There’s another, more obvious solution to the missing word problem: ‘they’ used in the singular. For example: “When the student arrives, tell them to wait here.” It’s a construction we use every day without thinking about it and it’s widely accepted in formal writing, too. In fact, ‘they/them/their’ has been used in the singular for many centuries. The Oxford English Dictionary records an example of singular ‘their’ as far back as 1375. What’s changed in recent years is that ‘they’ pronouns are now being used for specific individuals. Of all the gender-neutral pronouns in use at the moment, ‘they’ is certainly the most popular.

Worth the effort

It’s true that using non-binary pronouns can be tricky at first but English has a long history of inventing, adopting or adapting words to reflect a changing world. In any case, it is possible that in a few generations, gender-neutral pronouns will be a fully-established part of the English language and people will look back in amazement at a time when we thought ‘he’ and ‘she’ could cover everybody. 

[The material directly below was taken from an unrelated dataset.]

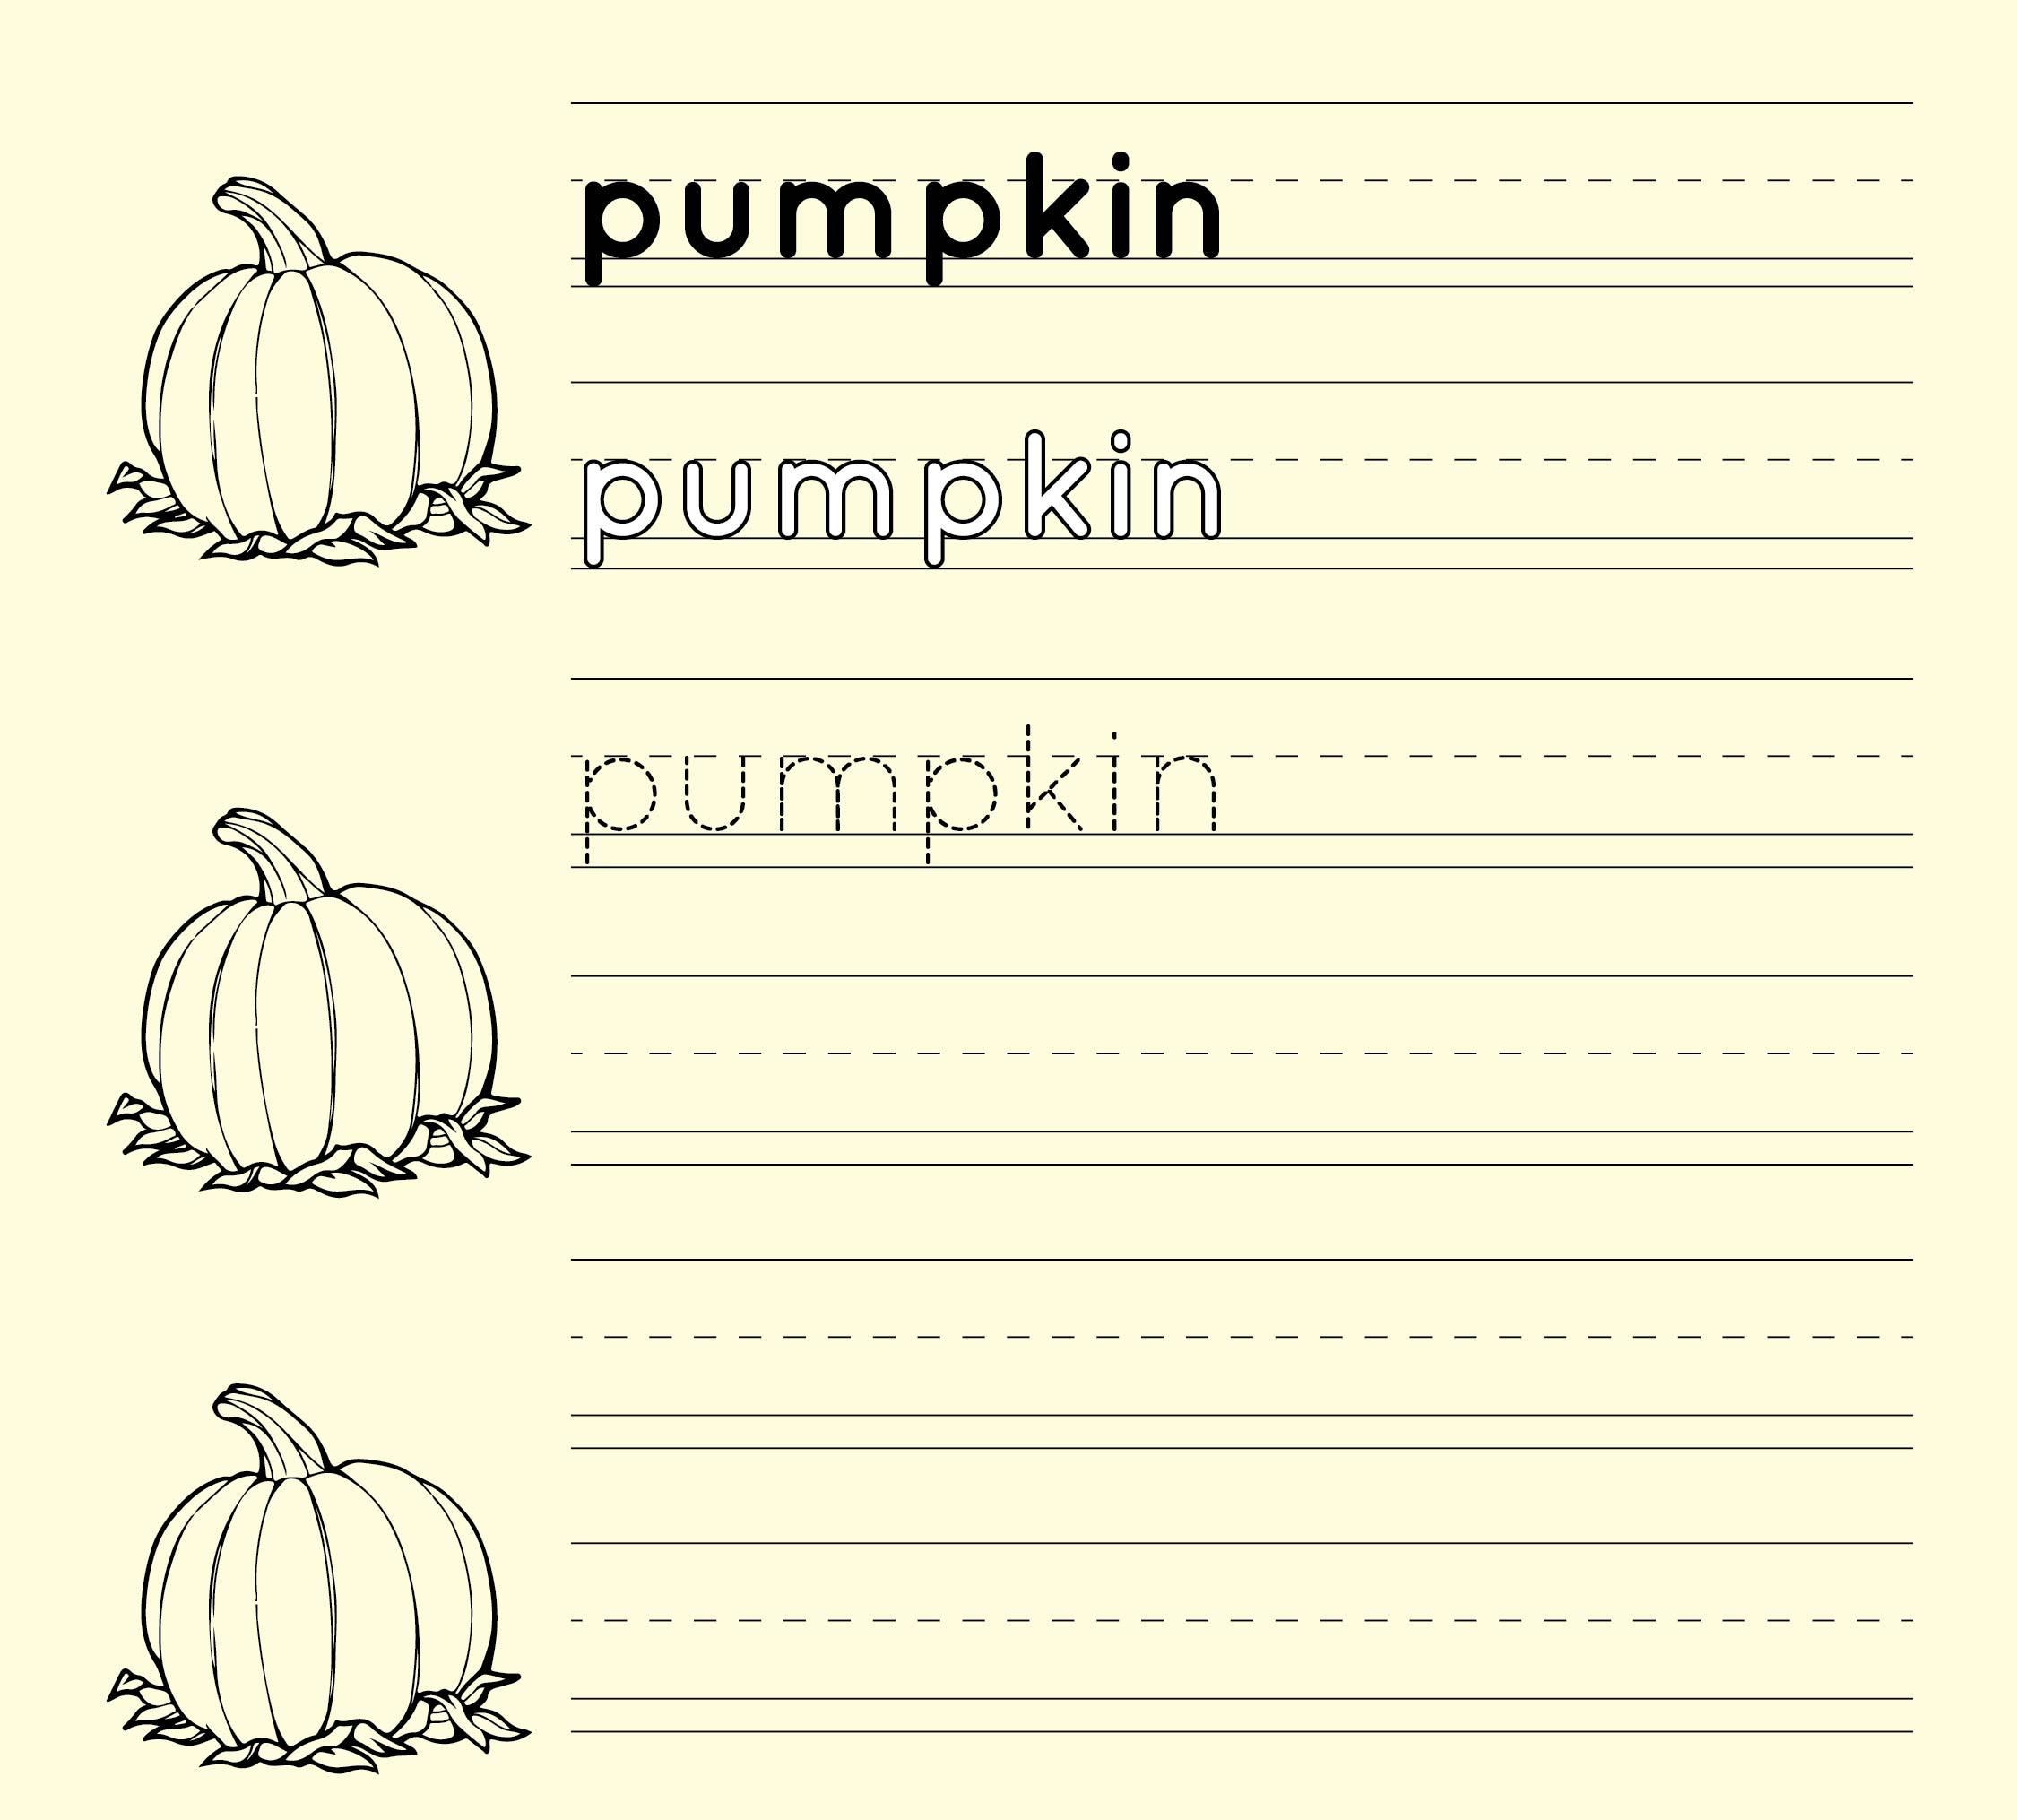 Pumpkin Handwriting Worksheet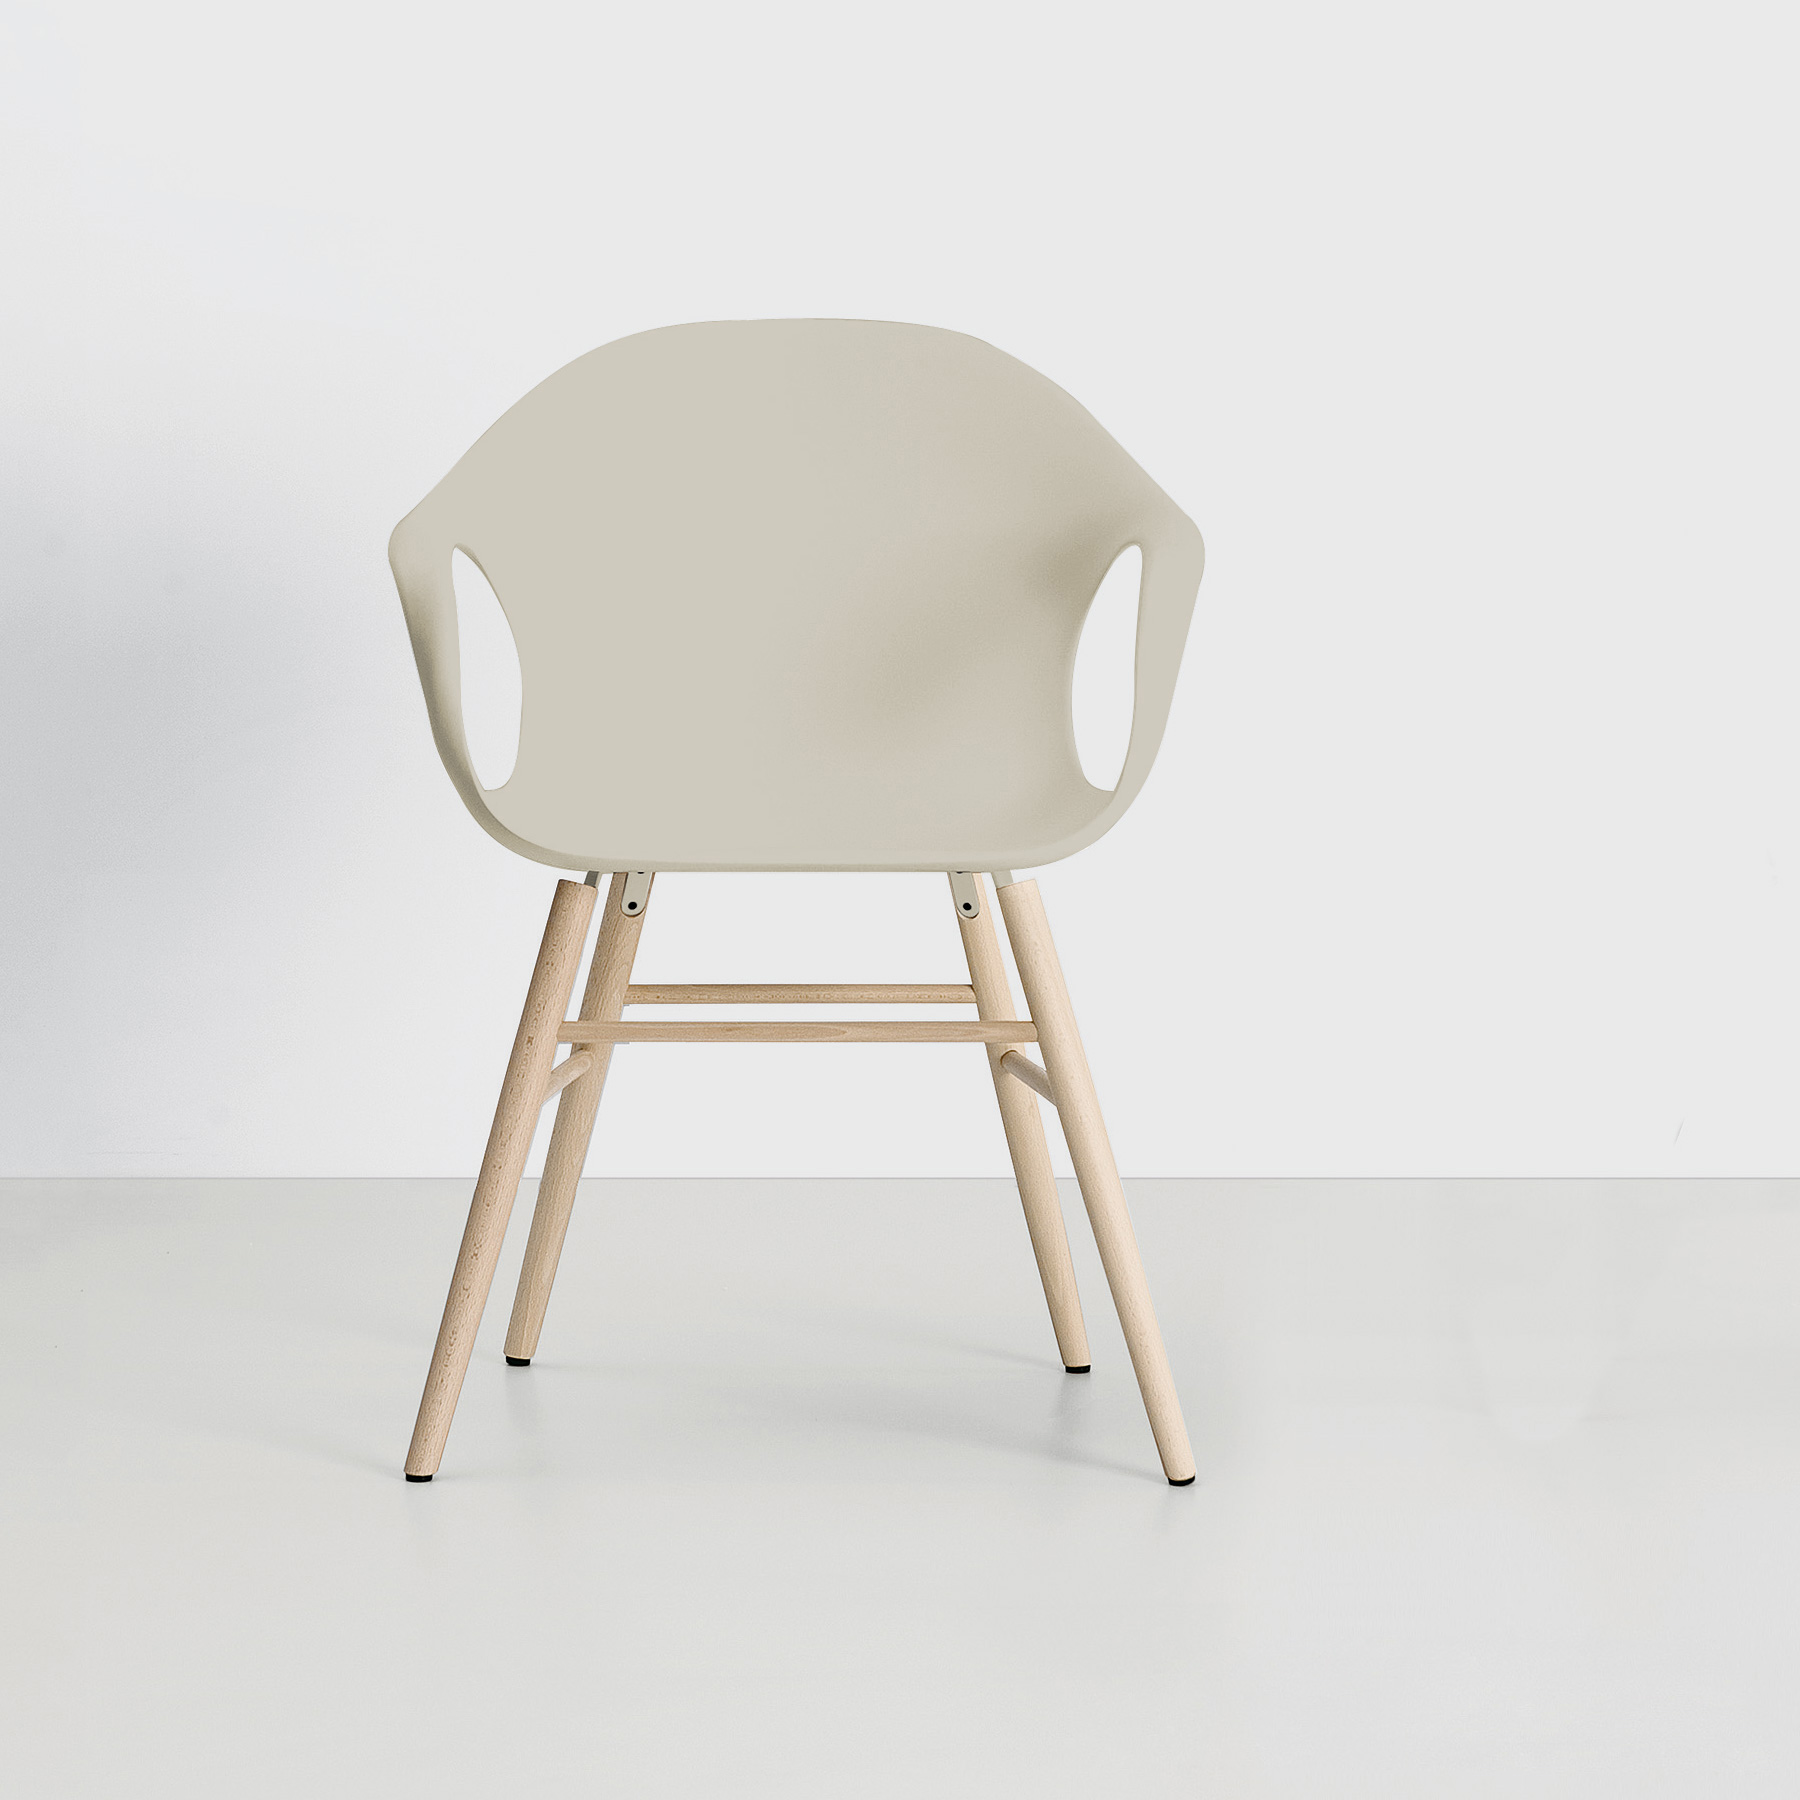 kristalia elephant sessel auf holzbeinen 05ele82p04. Black Bedroom Furniture Sets. Home Design Ideas

Just a problem in English?

Although in Italian pronouns can often be avoided, which gets round the problem of gender, in other ways the Italian language is much more gendered than English. In an attempt to make Italian an inclusive language, the use of the asterisk or the neutral schwa (‘’) is increasing –especially online. However, a petition was recently signed by renowned scholars, writers and politics to ban the use of the schwa.